Here is the final version of the ValidatorsGroupComputer
class:
package org.nuxeo.project.computed.group;
import java.io.Serializable;
import java.util.ArrayList;
import java.util.List;
import java.util.Map;
import org.nuxeo.ecm.core.api.CoreInstance;
import org.nuxeo.ecm.core.api.IterableQueryResult;
import org.nuxeo.ecm.core.api.repository.RepositoryManager;
import org.nuxeo.ecm.platform.usermanager.NuxeoPrincipalImpl;
import org.nuxeo.runtime.api.Framework;
public class ValidatorsGroupComputer extends AbstractGroupComputer {
private static final String QUERY_GET_WORKSPACE_IDS = "SELECT ecm:uuid "
+ "FROM WORKSPACE WHERE wks:validators = '%s'";
@Override
public List<String> getGroupsForUser(NuxeoPrincipalImpl nuxeoPrincipal) {
String username = nuxeoPrincipal.getName();
String query = String.format(QUERY_GET_WORKSPACE_IDS, username);
String repositoryName = Framework.getService(RepositoryManager.class).getDefaultRepositoryName();
List<String> groupIds = new ArrayList<String>();
CoreInstance.doPrivileged(repositoryName, session -> {
try (IterableQueryResult it = session.queryAndFetch(query, "NXQL")) {
for (Map<String, Serializable> map : it) {
String groupId = (String) map.get("ecm:uuid");
groupIds.add(groupId);
}
}
});
return groupIds;
}
@Override
public List<String> getAllGroupIds() {
// TODO Auto-generated method stub
return null;
}
@Override
public List<String> getGroupMembers(String groupName) {
// TODO Auto-generated method stub
return null;
}
@Override
public List<String> getParentsGroupNames(String groupName) {
// TODO Auto-generated method stub
return null;
}
@Override
public List<String> getSubGroupsNames(String groupName) {
// TODO Auto-generated method stub
return null;
}
}
TEST 1
As you can see in this example, the computer group statically returns myTestGroup
. Let's test your test environment:
- Restart your server.
- Hot reload your project.
- Connect as Administrator into your Nuxeo instance.
- Go to Home > Profile. You must see a section virtual user into the main view with no group referenced.
TEST 2
- Open Nuxeo Studio
- Check the Nuxeo Studio Project where you defined the Workspace with the workspace schema and validate.
- Refresh.
- Connect as Administrator into your Nuxeo instance.
- Create a workspace and add Administrator as validator.
- Log out.
- Log in as Administrator.
- Go to Home > Profile.
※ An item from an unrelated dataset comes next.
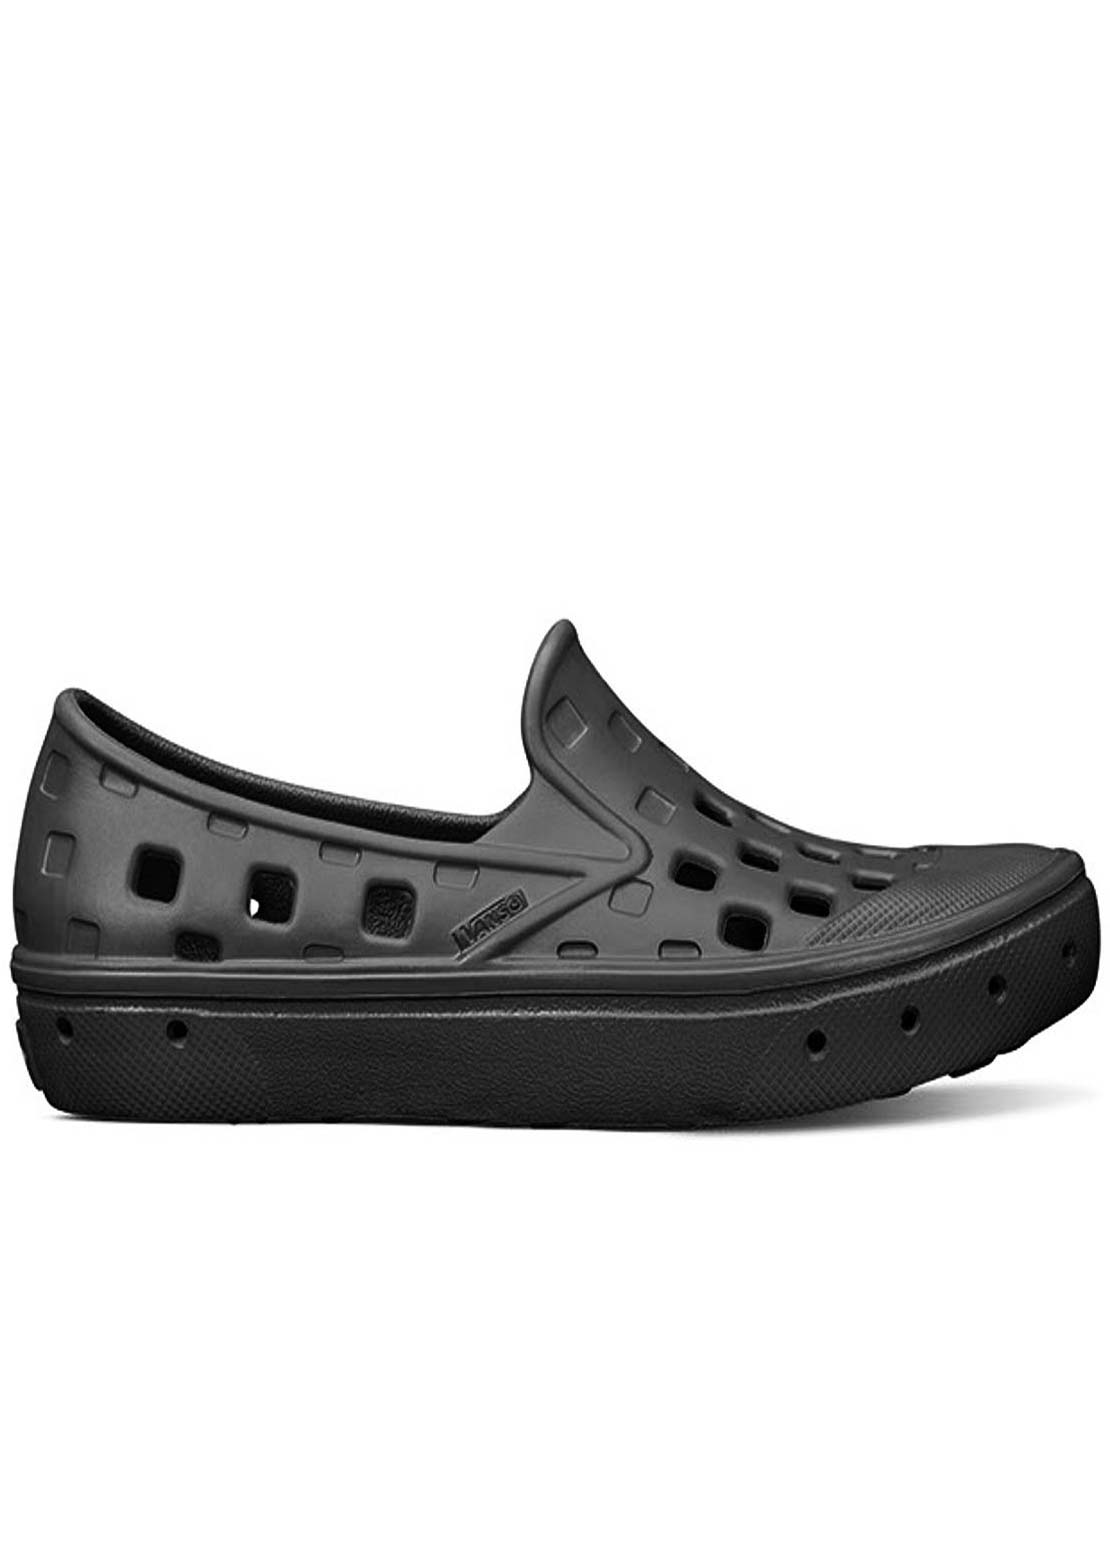 Vans Toddler Slip-On Trek Shoes Black

You must see a section virtual user into the main view with one group referenced.
Button Creation
And now we have to create the button that starts the workflow and assign the validation task to the virtual group.
This part is a pure Studio demonstration, just a way of making sure our newly defined group do work.
Create a user action:
- Choose the Contextual Tool category.
- Add filter to limit to users that have Edit permission.
Create an automation chain and attach it to this action. In the Automation Chain definition:
- Fetch > Context Document(s).
- Execution Context > Set Context Variable From Input:
name = "documentToValidate"
. - Document > Get Parent:
type = Workspace
. - Execution Context > Set Context Variable:
name = "validatorGroup", value = "group:@{Document.id}_validator"
. - Execution Context > Restore Document Input:
name = "documentToValidate"
. - Service > Create Task : task name = "Vallidation", directive = "Please Validate the document", variable name for actors prefixed = "validatorGroup", create one task per actor = unchecked
TEST
- Deploy your project.
- Connect as Administrator into your Nuxeo instance.
- Create two users: user1 and user2.
- Create a workspace and set user1 as validator.
- Create a File and click on your button.
- Connect as user1. On his Home Dashboard, you will see a task assigned on the File document.
- Log out and connect as Administrator.
- Modify the Workspace and add user2 into the validators list.
- Log out and connect as user1. On his Home Dashboard, you will see a task assigned on the File document.
Conclusion
Next steps could be:
- Add a listener on the Workspace to add an ACE on it to grant read or edit permission on the workspace for the validator group.
- Implement a delegation document type that stores a missing user and a list of delegated users and add a computer group that resolves indirect group assignment through this object.